DATA EXCERPT:
#####
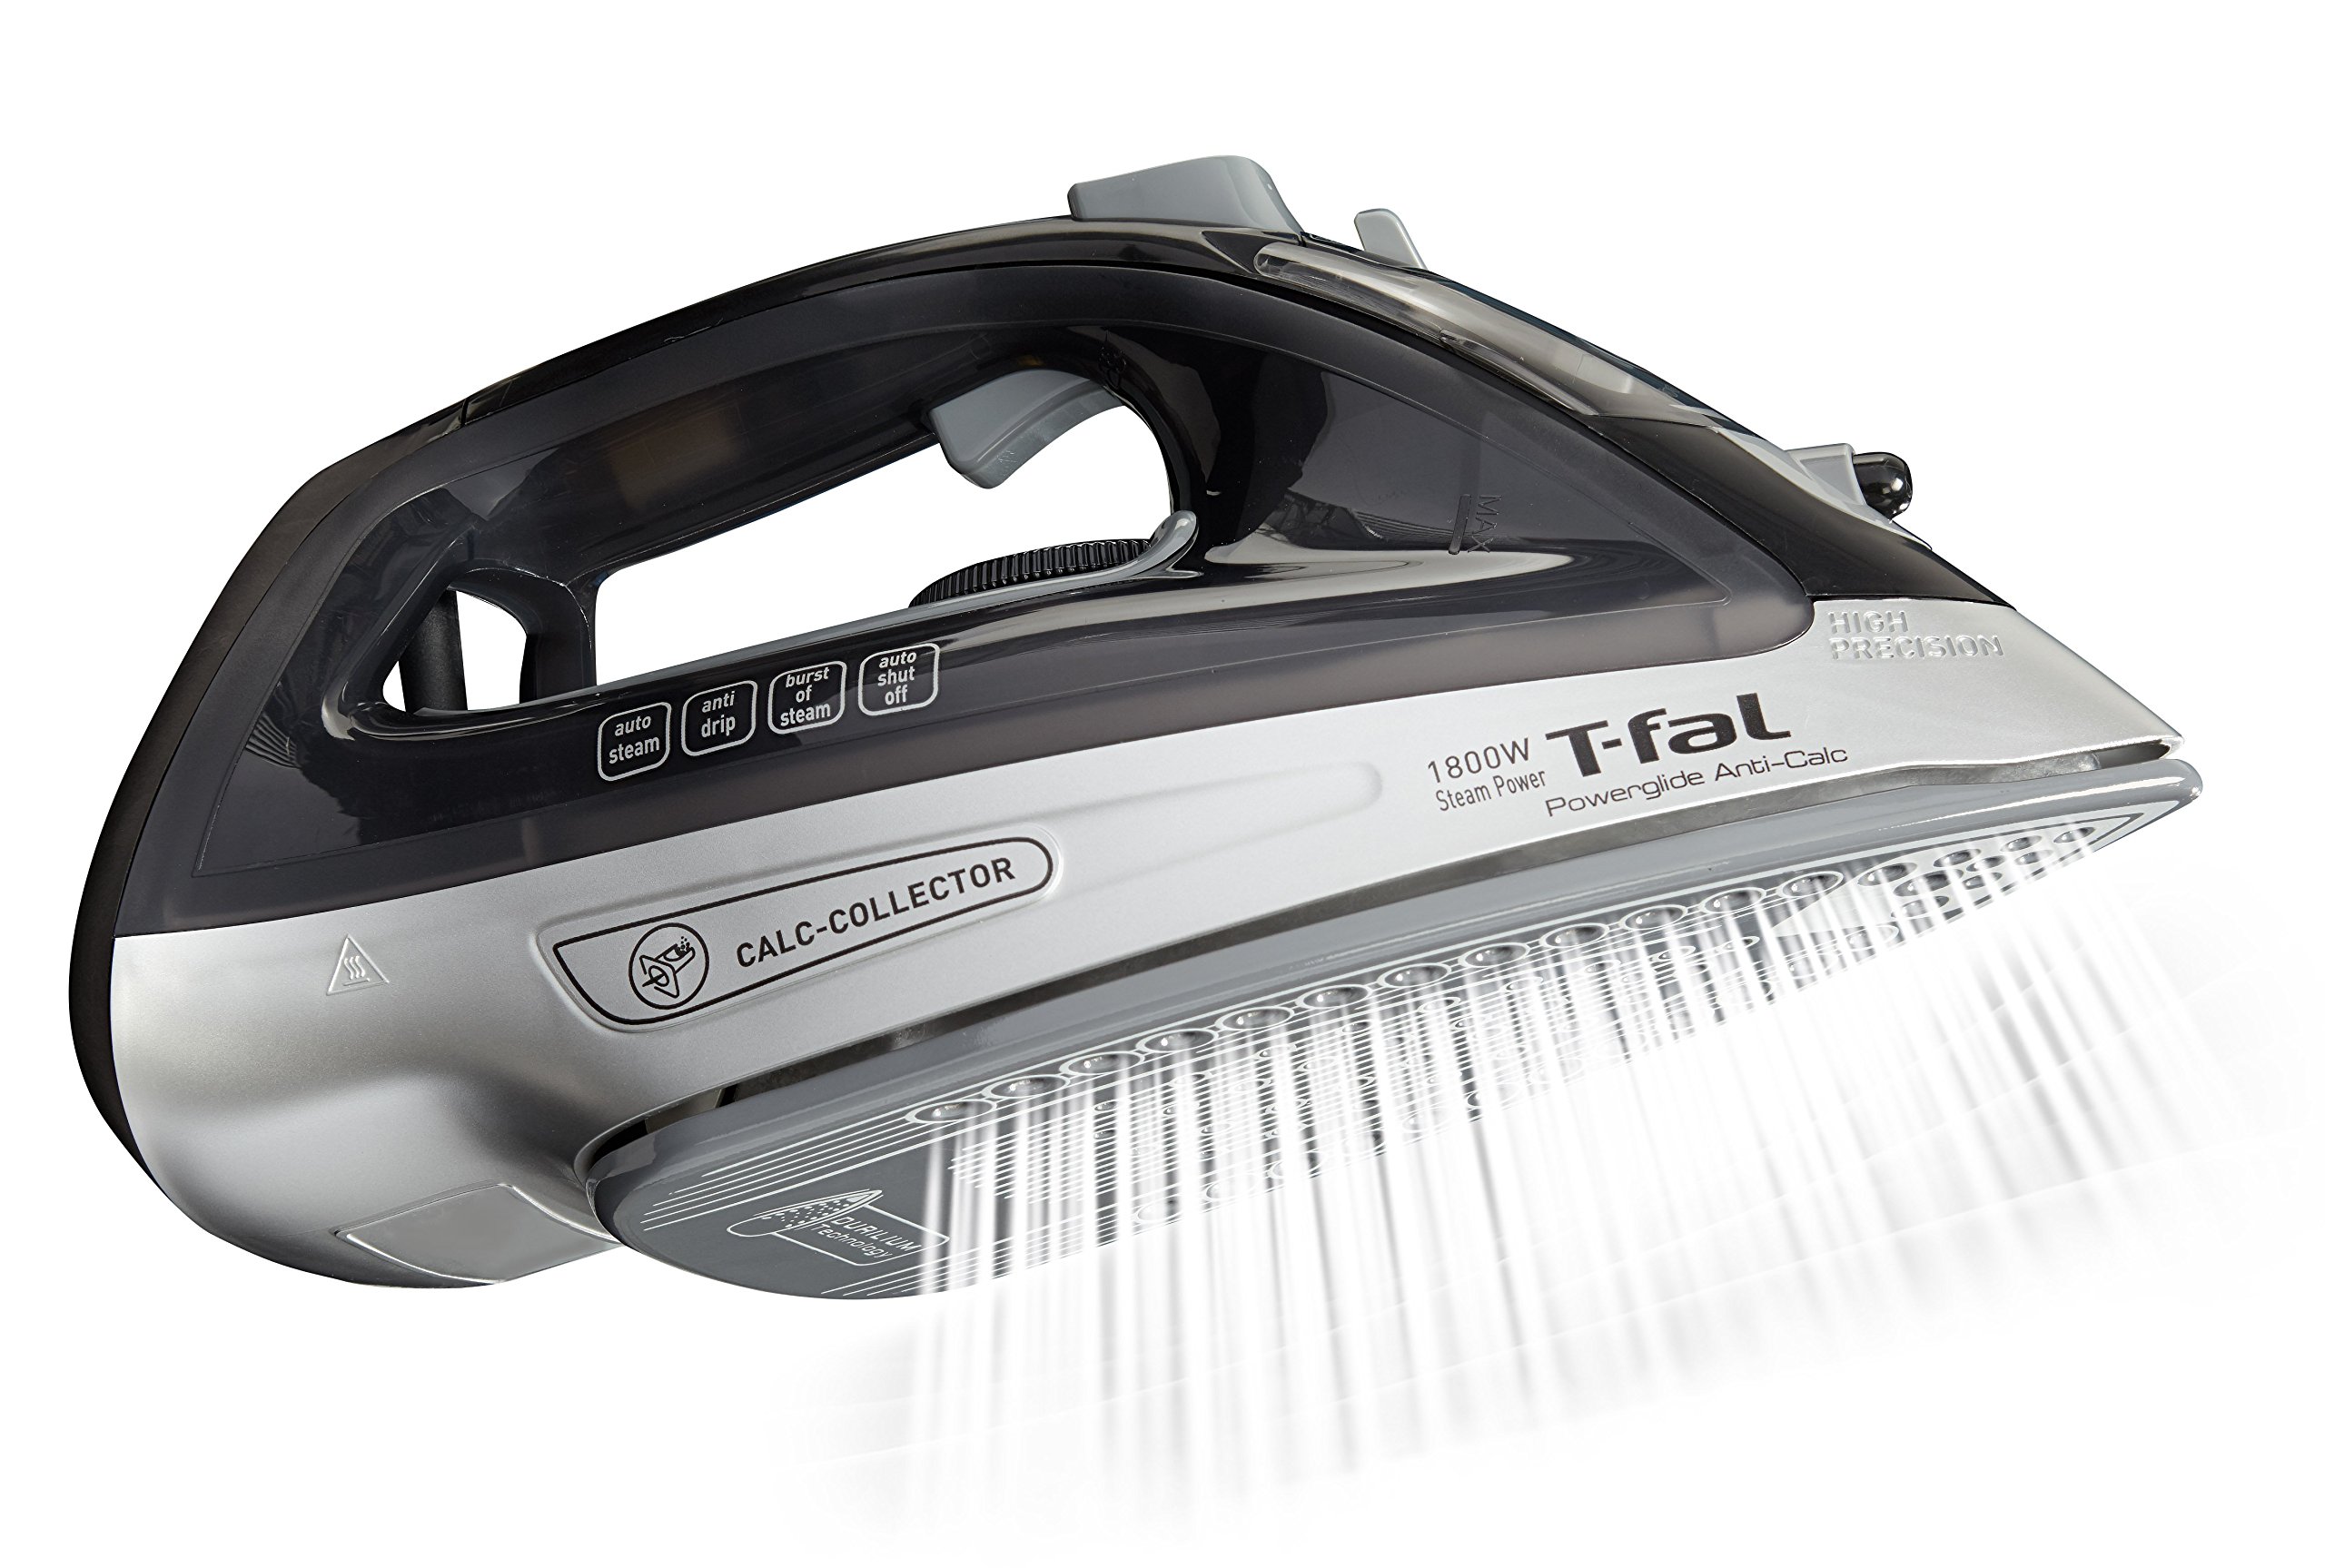 Powerful Steam Burst: Experience Superior Wrinkle Removal with the T-fal FV2640U0 Powerglide Steam Iron
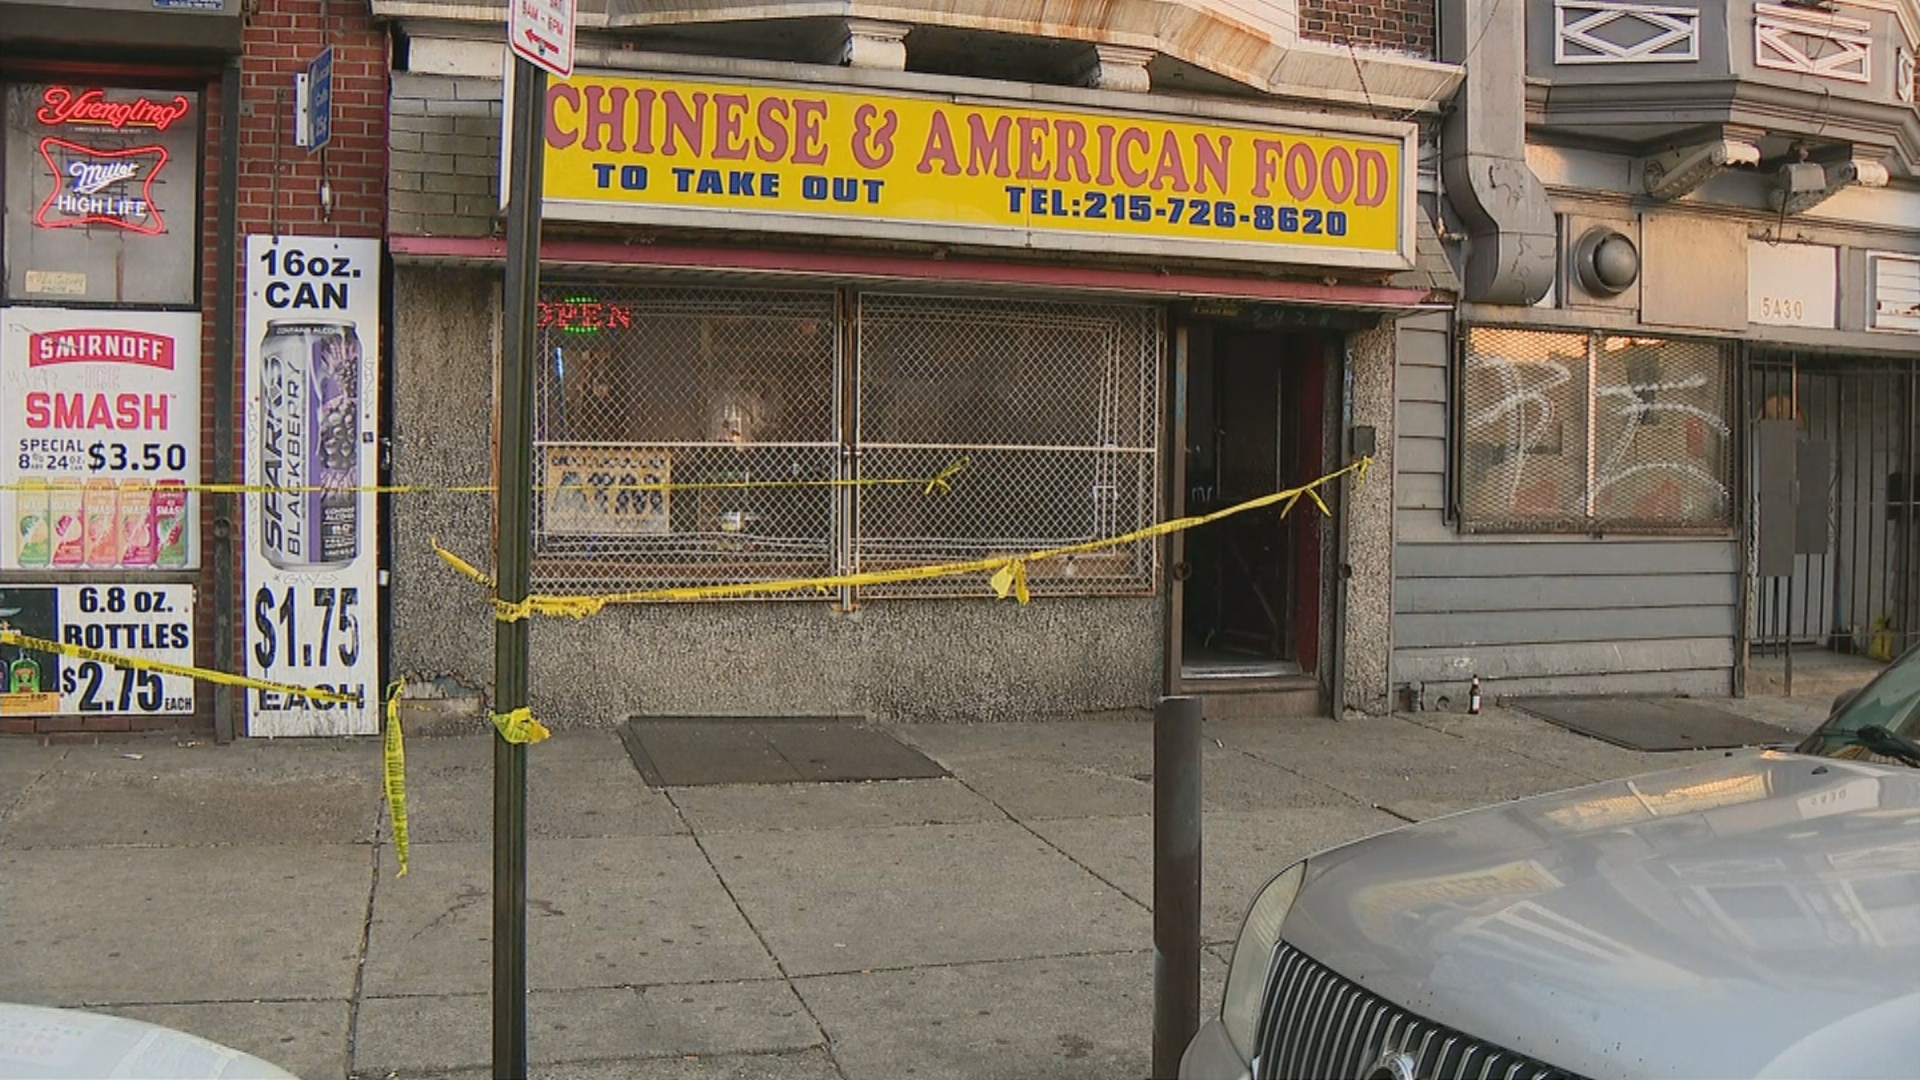 Kingsessing Restaurant Owner Shoots Armed Robbery Suspect, Police Say – CBS Philly
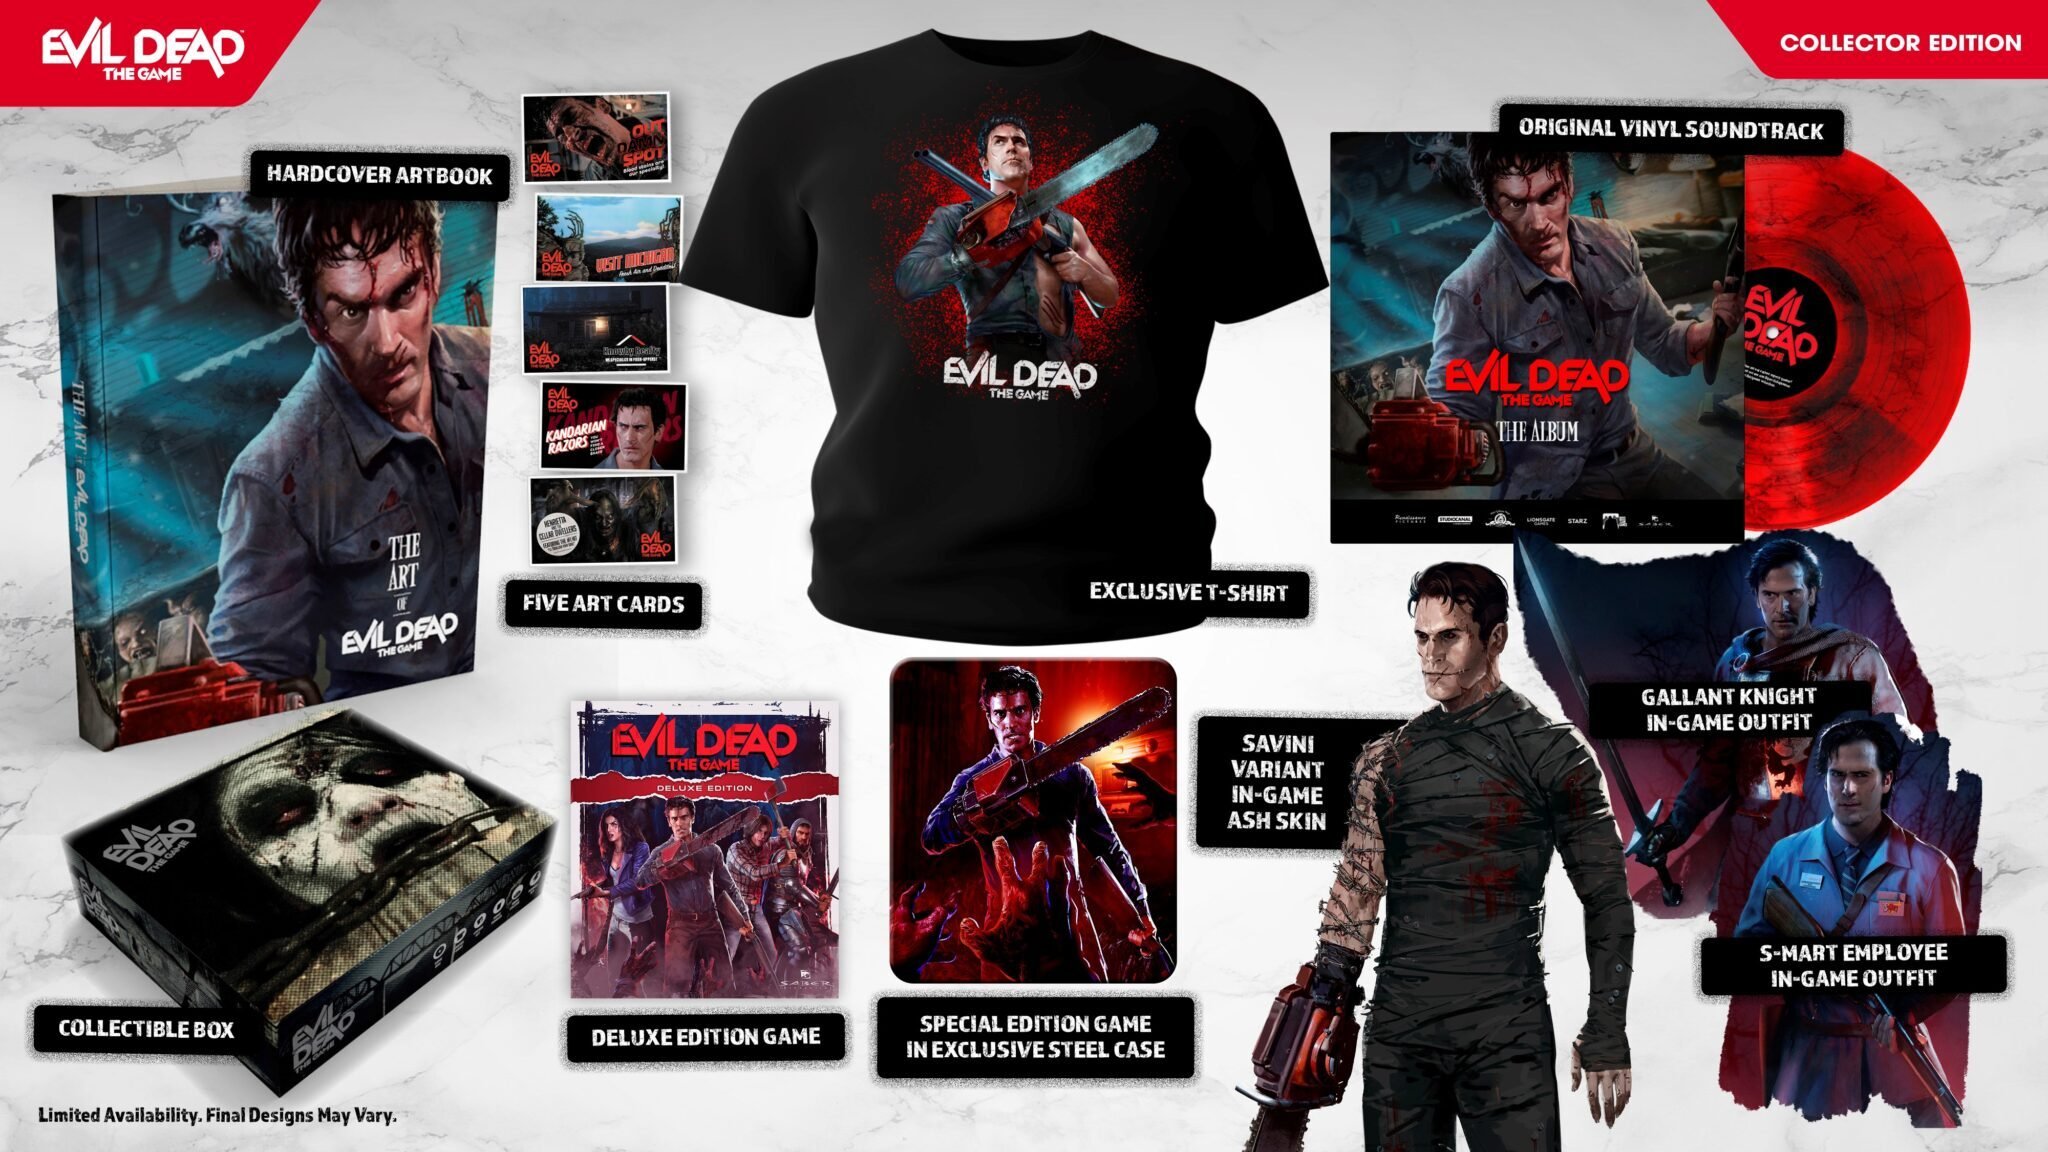 Evil Dead: The Game Collector Edition from Saber Interactive and Boss Team Games
#####
WORK INSTRUCTION: Print all the material above exactly, and drop the images.

SOLUTION TO THE EXERCISE:
 Powerful Steam Burst: Experience Superior Wrinkle Removal with the T-fal FV2640U0 Powerglide Steam Iron
 Kingsessing Restaurant Owner Shoots Armed Robbery Suspect, Police Say – CBS Philly
 Evil Dead: The Game Collector Edition from Saber Interactive and Boss Team Games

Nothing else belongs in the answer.